Dataset extract:
= = =

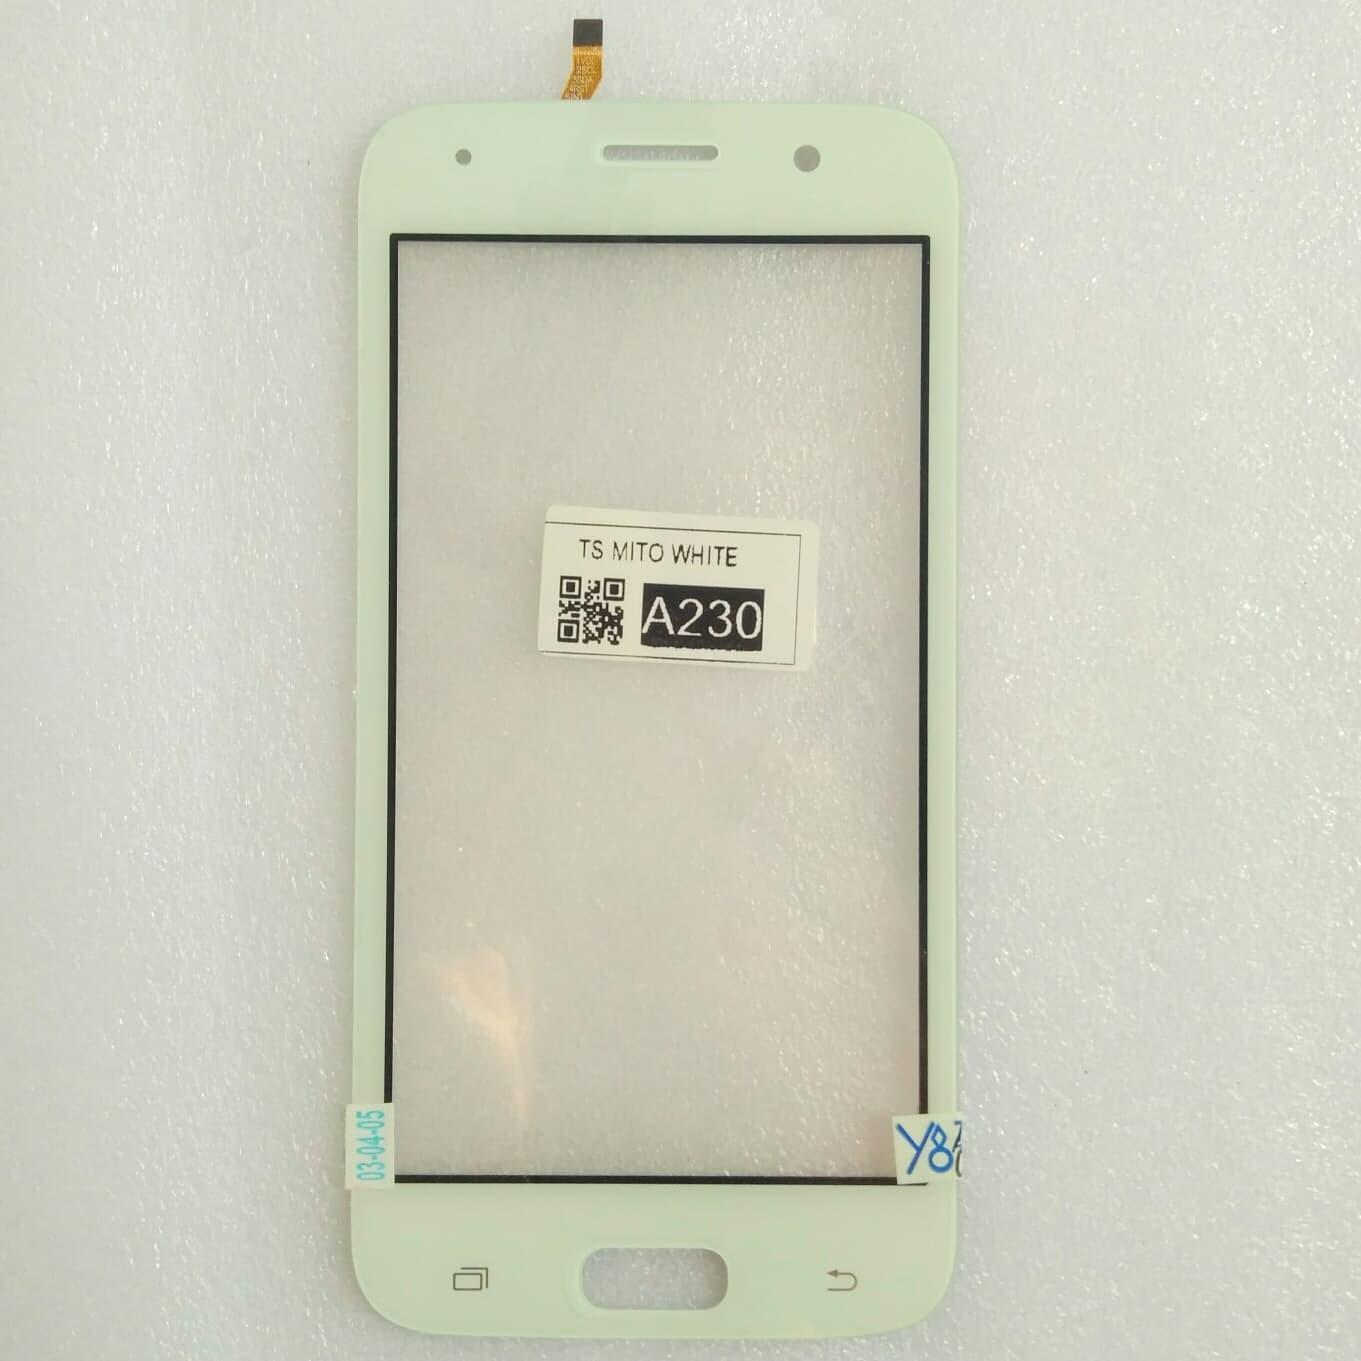 Touchscreen Ts Mito A120 Black Harga Terkini Dan Terlengkap Fantasy A99 Android Jellybean A230 Genzatronik
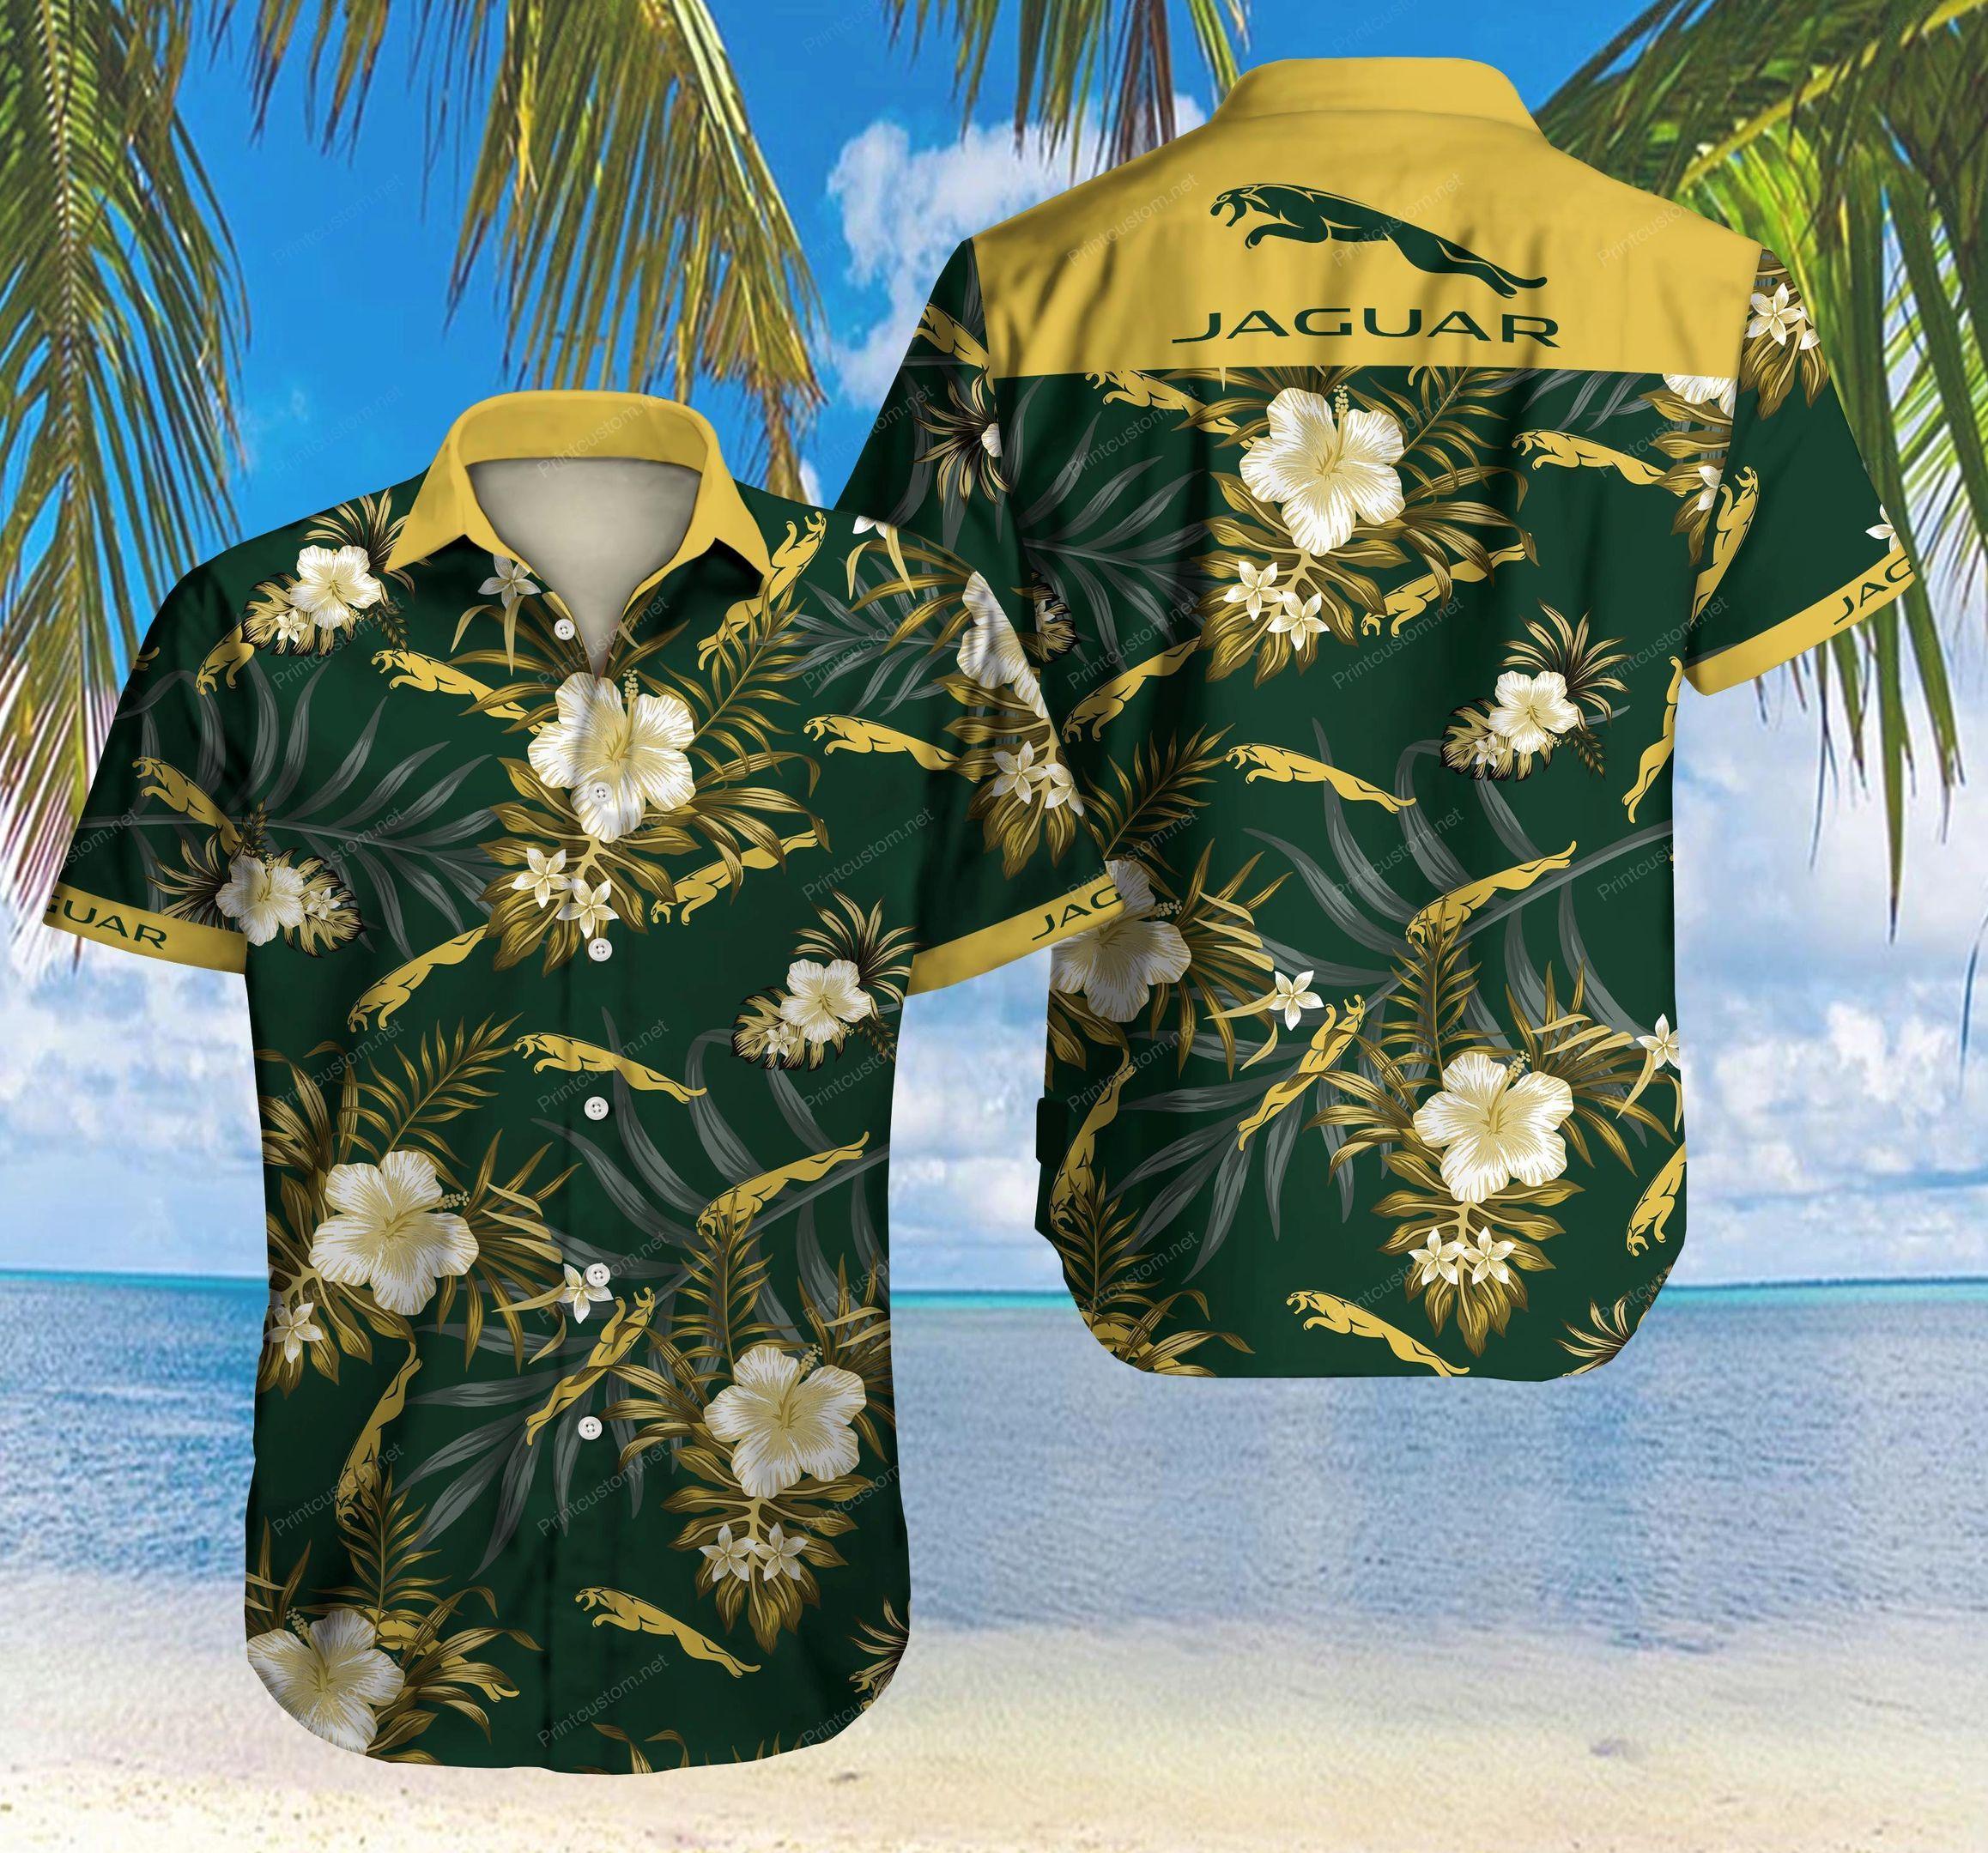 Jaguar Floral Hawaiian Shirt Summer Shirt
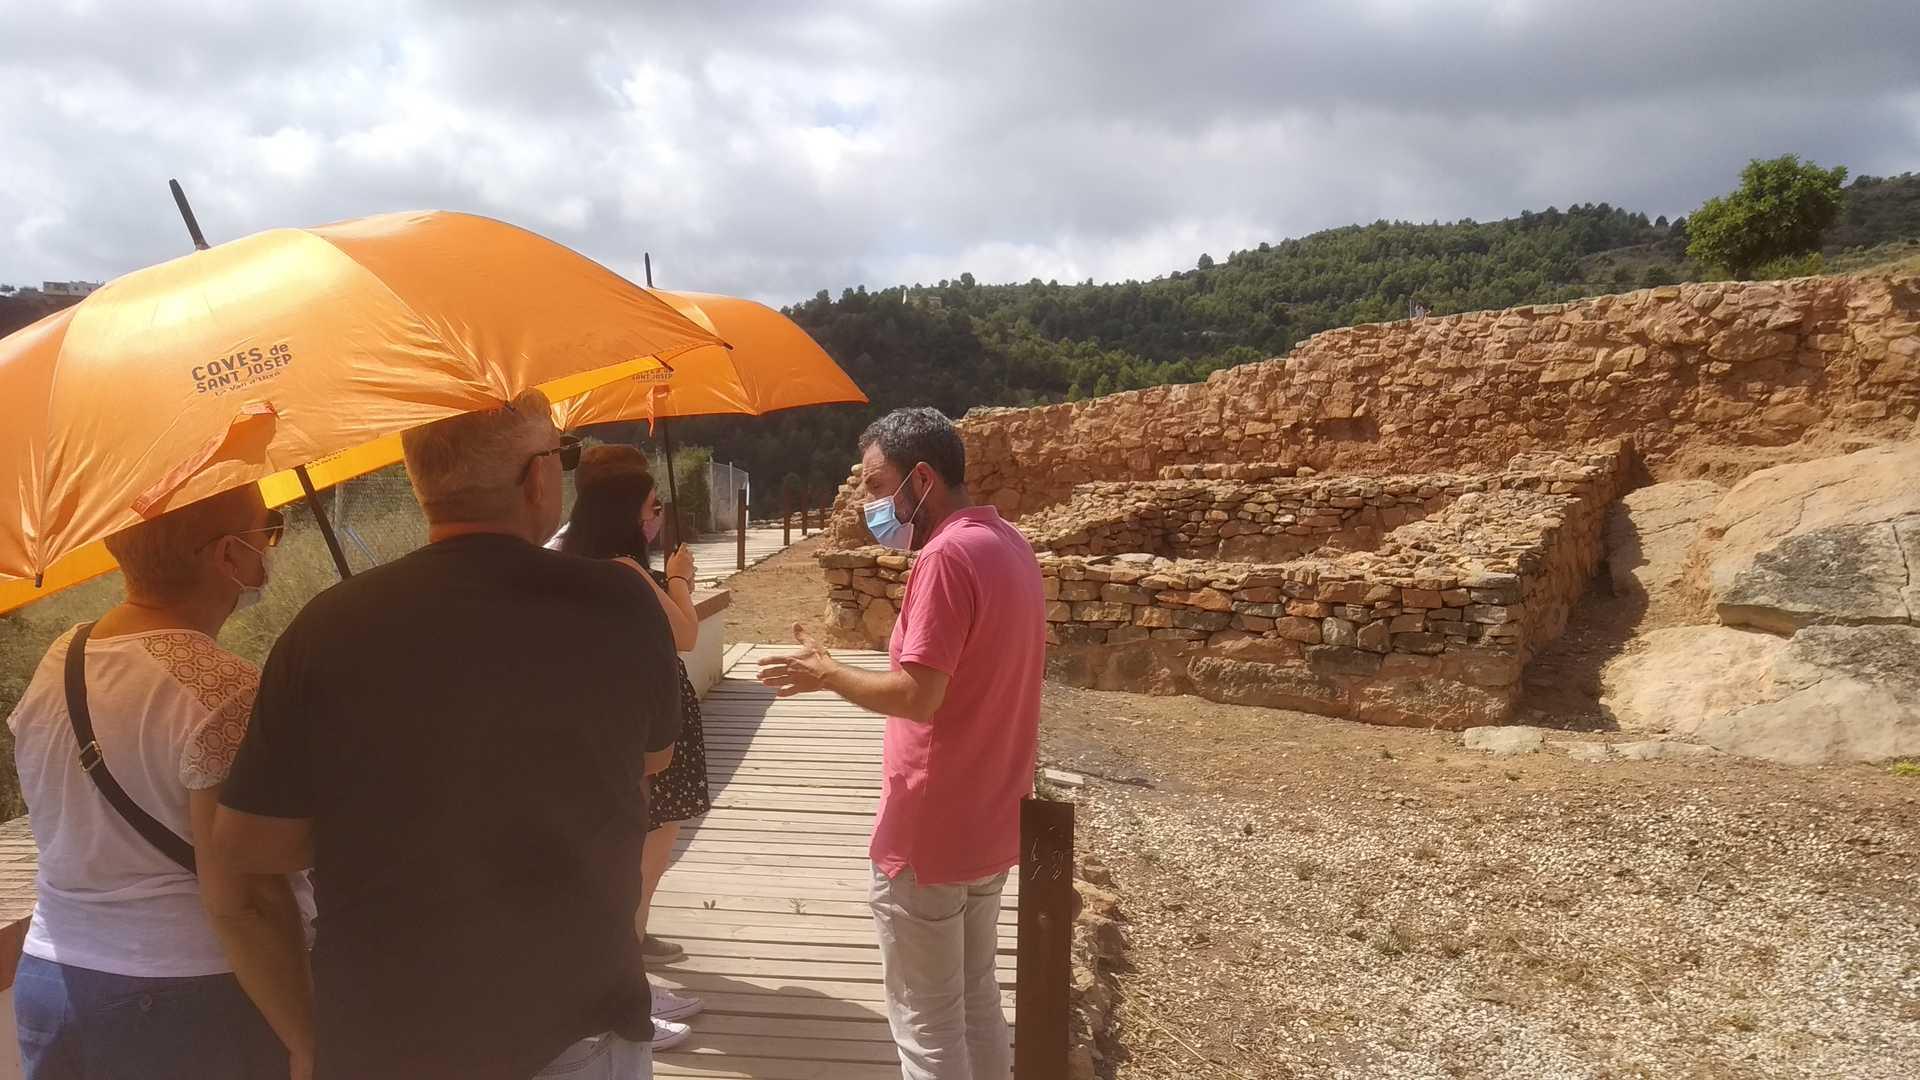 Visitas guiadas al Poblado de Sant Josep
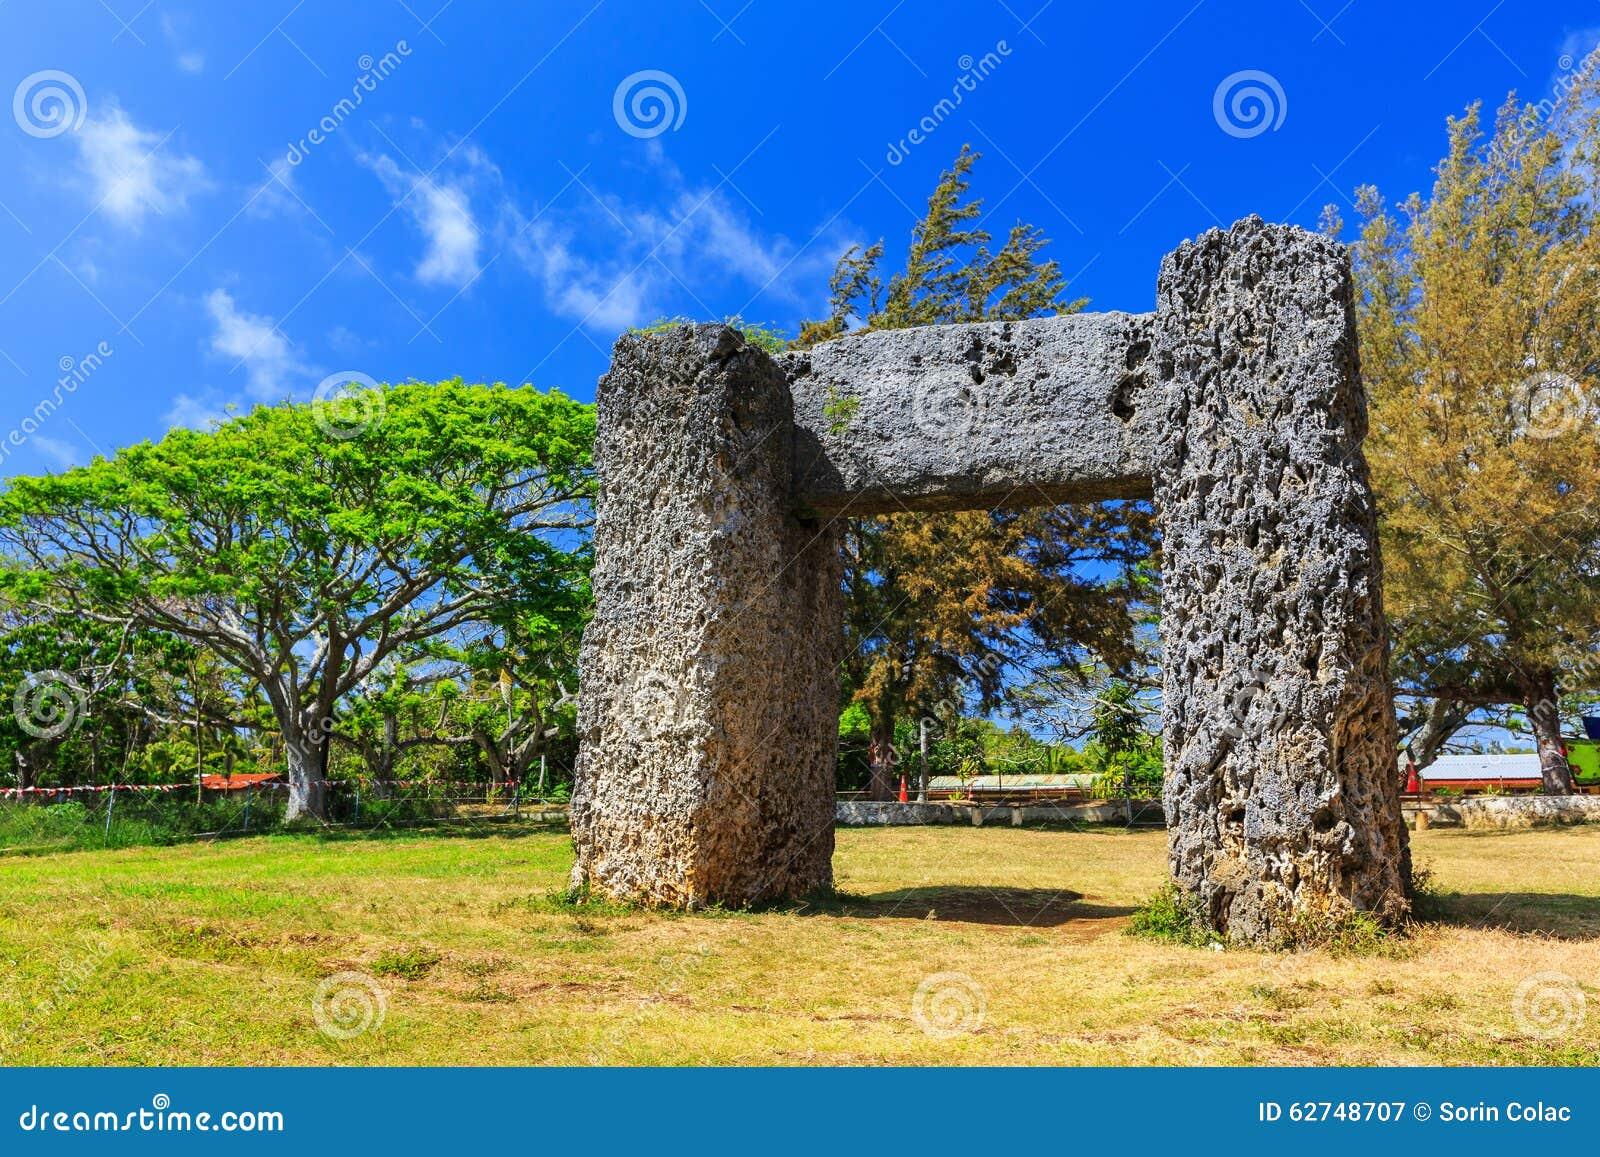 Nuku alofa, królestwo Tonga

= = =

Task description:
Quote the material above exactly, from the line holding "Visitas guiadas al Poblado de Sant Josep" through its last line, including both. Omit the pictures.

Exercise output:
 Visitas guiadas al Poblado de Sant Josep
 Nuku alofa, królestwo Tonga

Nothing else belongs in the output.